Department of Microbiology and Immunology, Aichi Medical University School of Medicine, Nagakute, Aichi, Japan.
Immunology. 2010 Sep;131(1):59-66. doi: 10.1111/j.1365-2567.2010.03274.x. Epub 2010 Apr 6.
Selective Alzheimer disease indicator-1 (seladin-1) is a broadly expressed oxidoreductase and is related to Alzheimer disease, cholesterol metabolism and carcinogenesis. The effect of lipopolysaccharide (LPS) on the expression of seladin-1 was examined using RAW 264.7 macrophage-like cells and murine peritoneal macrophages. Lipopolysaccharide induced the expression of seladin-1 protein and messenger RNA in those macrophages. The seladin-1 expression was also augmented by a series of Toll-like receptor ligands. The LPS augmented the expression of seladin-1 via reactive oxygen species generation and p38 activation. Seladin-1 inhibited LPS-induced activation of p38 but not nuclear factor-kappaB and inhibited the production of tumour necrosis factor-alpha in response to LPS. Moreover, seladin-1 inhibited LPS-induced osteoclast formation and enhanced LPS-induced alkaline phosphatase activity.
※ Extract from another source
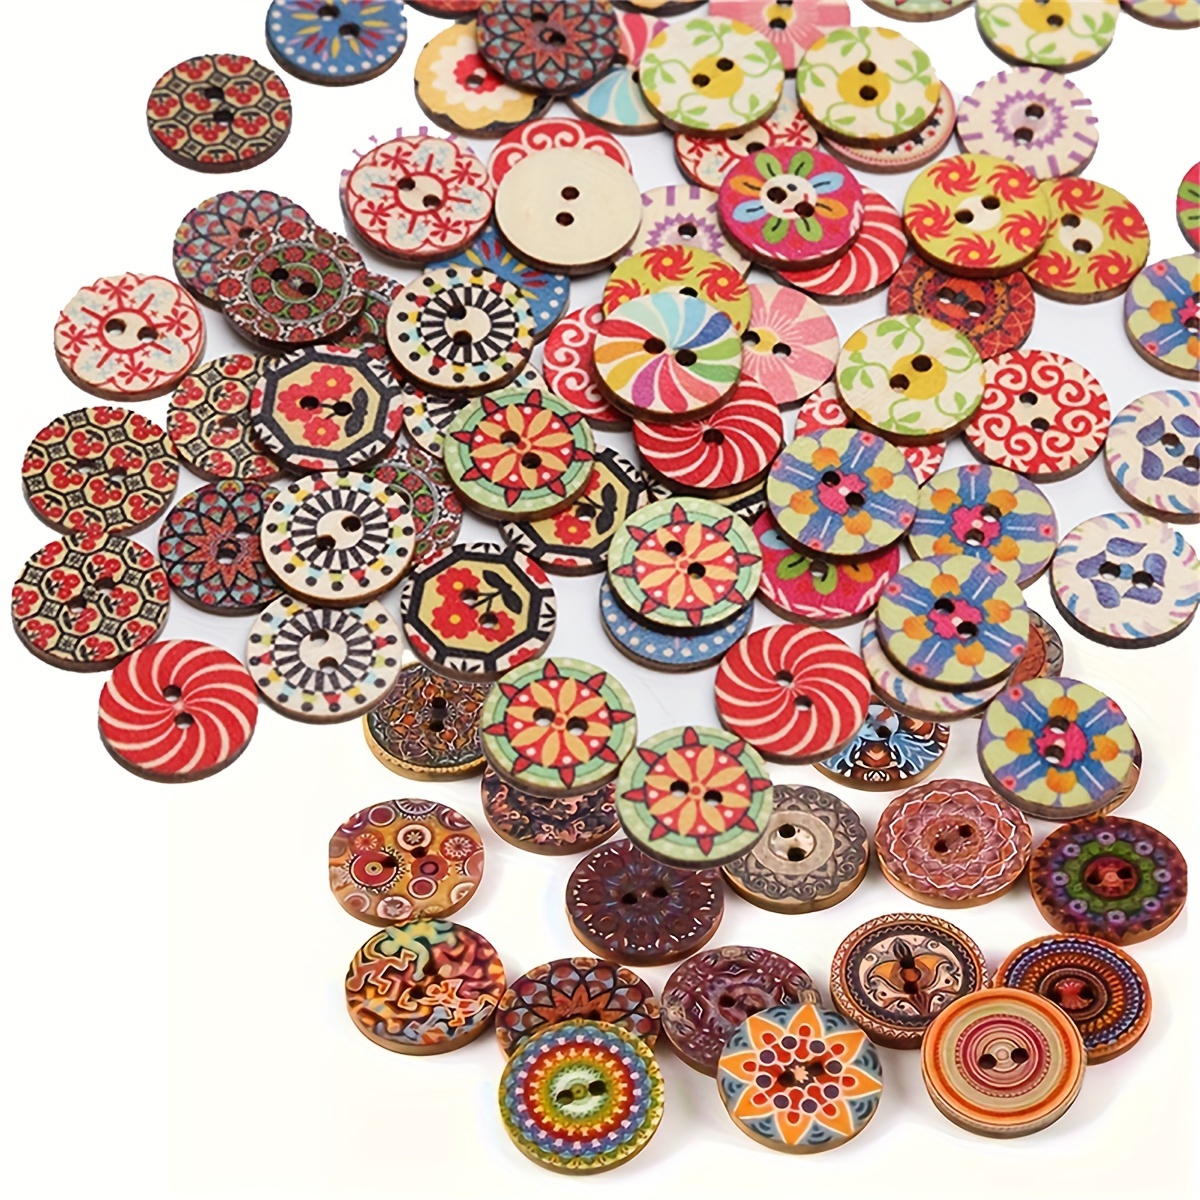  200Pcs Wood Buttons for Crafts, 20mm Vintage Buttons Mixed  Pattern Wooden Buttons Round Flower Buttons with 2 Holes for DIY Sewing  Craft Decorative : Arts, Crafts & Sewing
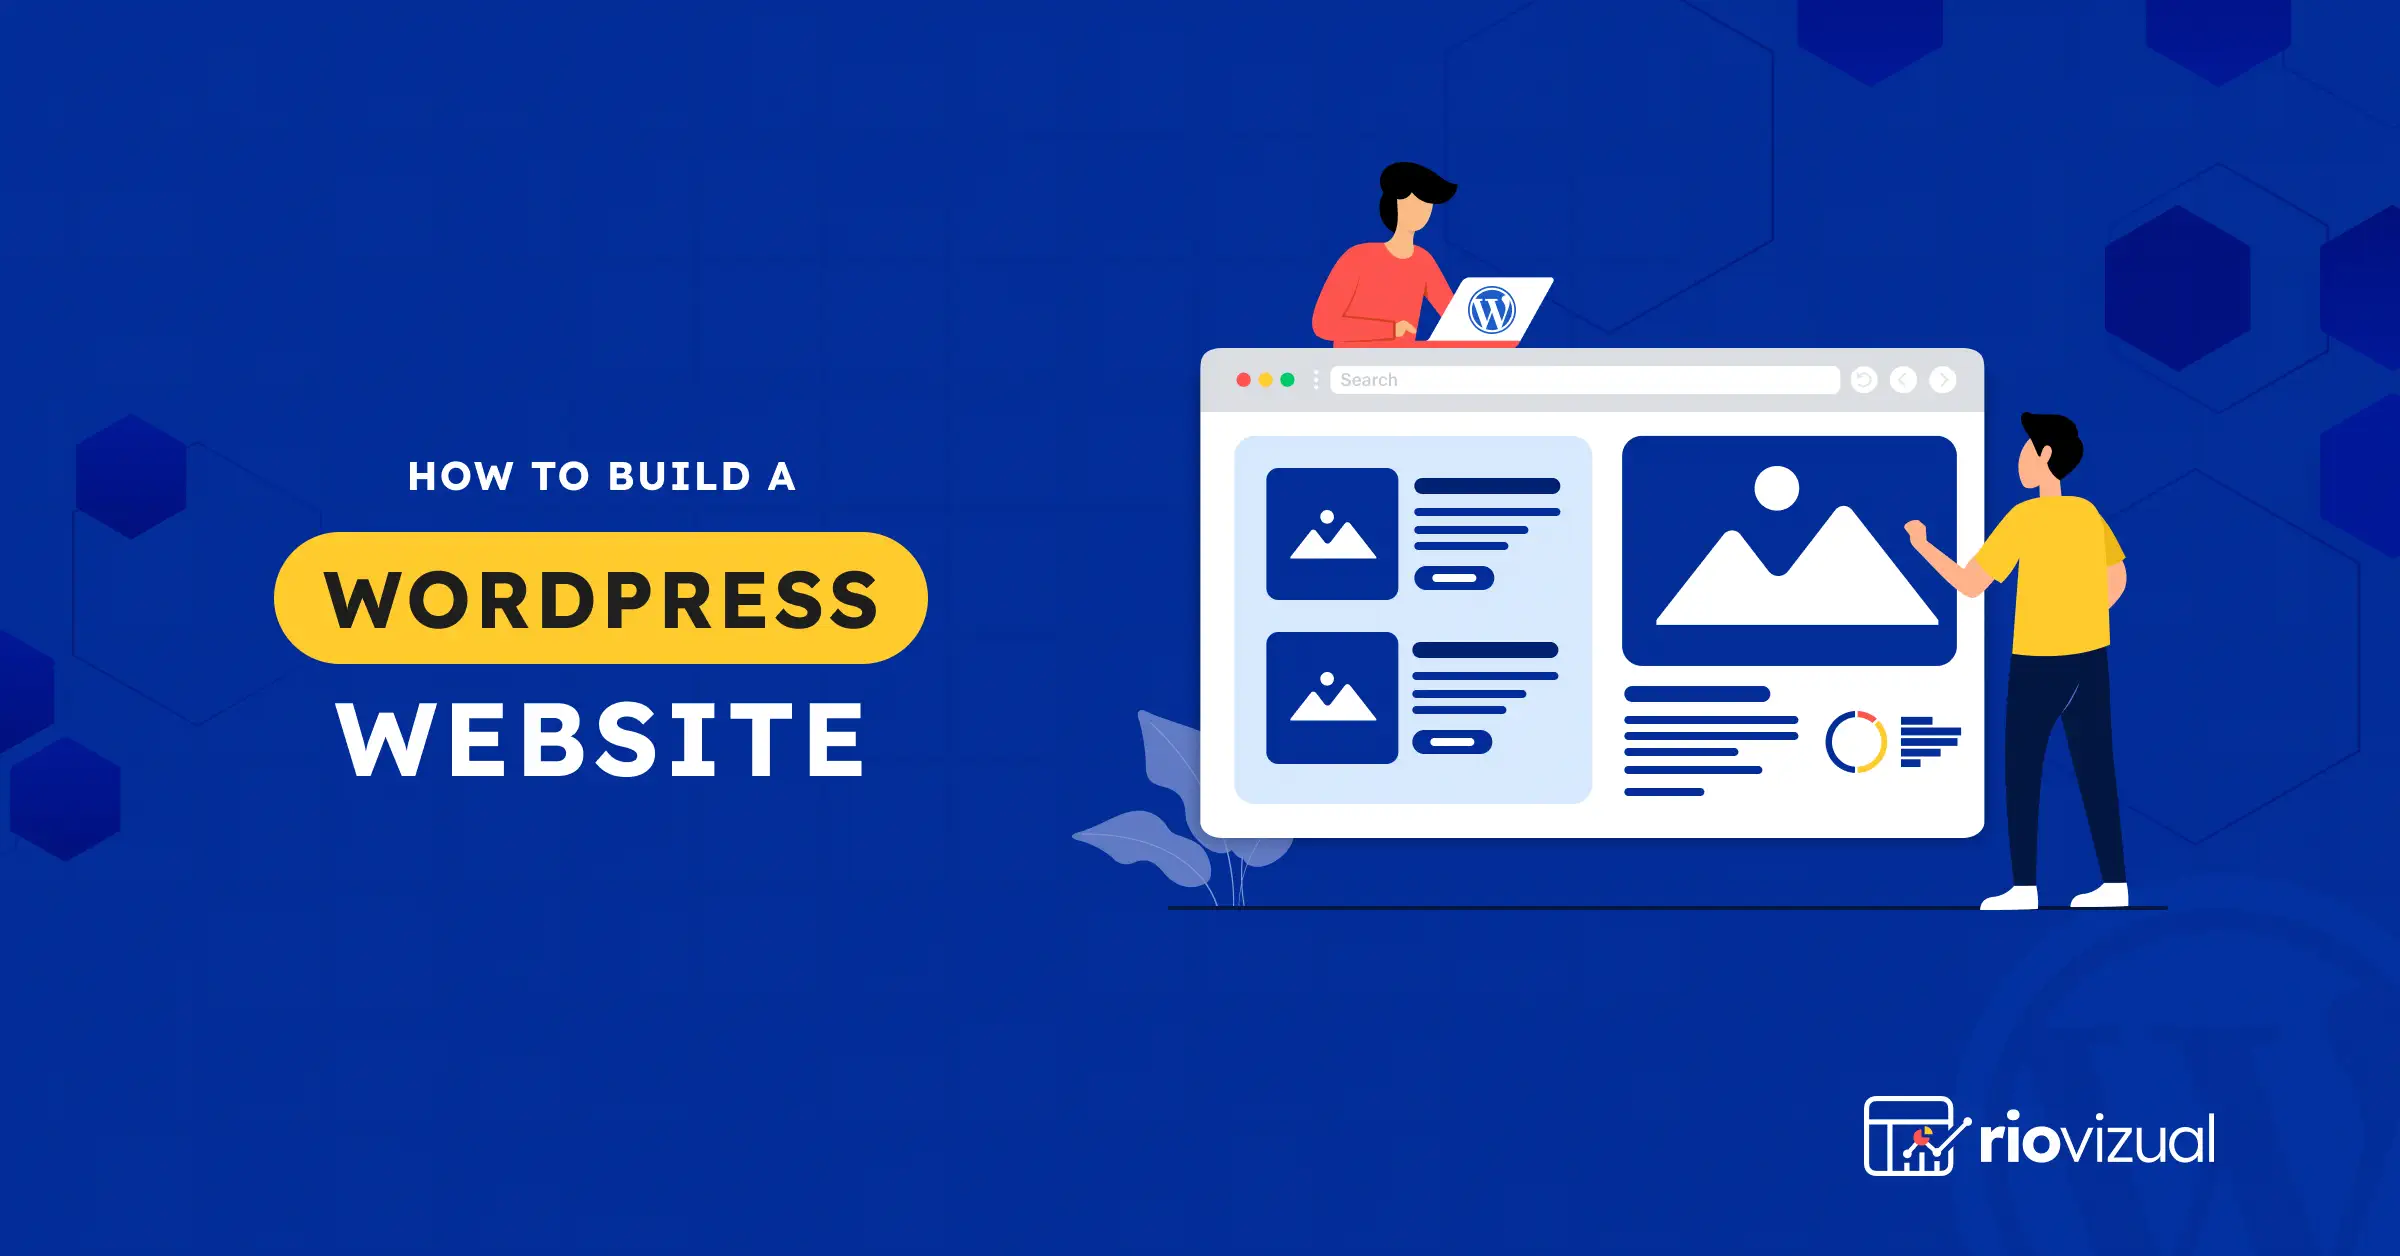 How To Build A WordPress Website From Scratch?

Therefore, it was suggested that seladin-1 might be an LPS-responsible gene product and regulate the LPS-induced inflammatory response negatively.
选择性阿尔茨海默病标志物-1(seladin-1)是一种广泛表达的氧化还原酶,与阿尔茨海默病、胆固醇代谢和致癌作用有关。使用 RAW 264.7 巨噬样细胞和鼠腹腔巨噬细胞研究了脂多糖(LPS)对 seladin-1 表达的影响。LPS 诱导这些巨噬细胞中 seladin-1 蛋白和信使 RNA 的表达。一系列 Toll 样受体配体也增强了 seladin-1 的表达。LPS 通过活性氧生成和 p38 激活来增加 seladin-1 的表达。Seladin-1 抑制 LPS 诱导的 p38 激活,但不抑制核因子-κB,并抑制对 LPS 的肿瘤坏死因子-α的产生。此外,seladin-1 抑制 LPS 诱导的破骨细胞形成并增强 LPS 诱导的碱性磷酸酶活性。因此,提示 seladin-1 可能是 LPS 反应性基因产物,并负调控 LPS 诱导的炎症反应。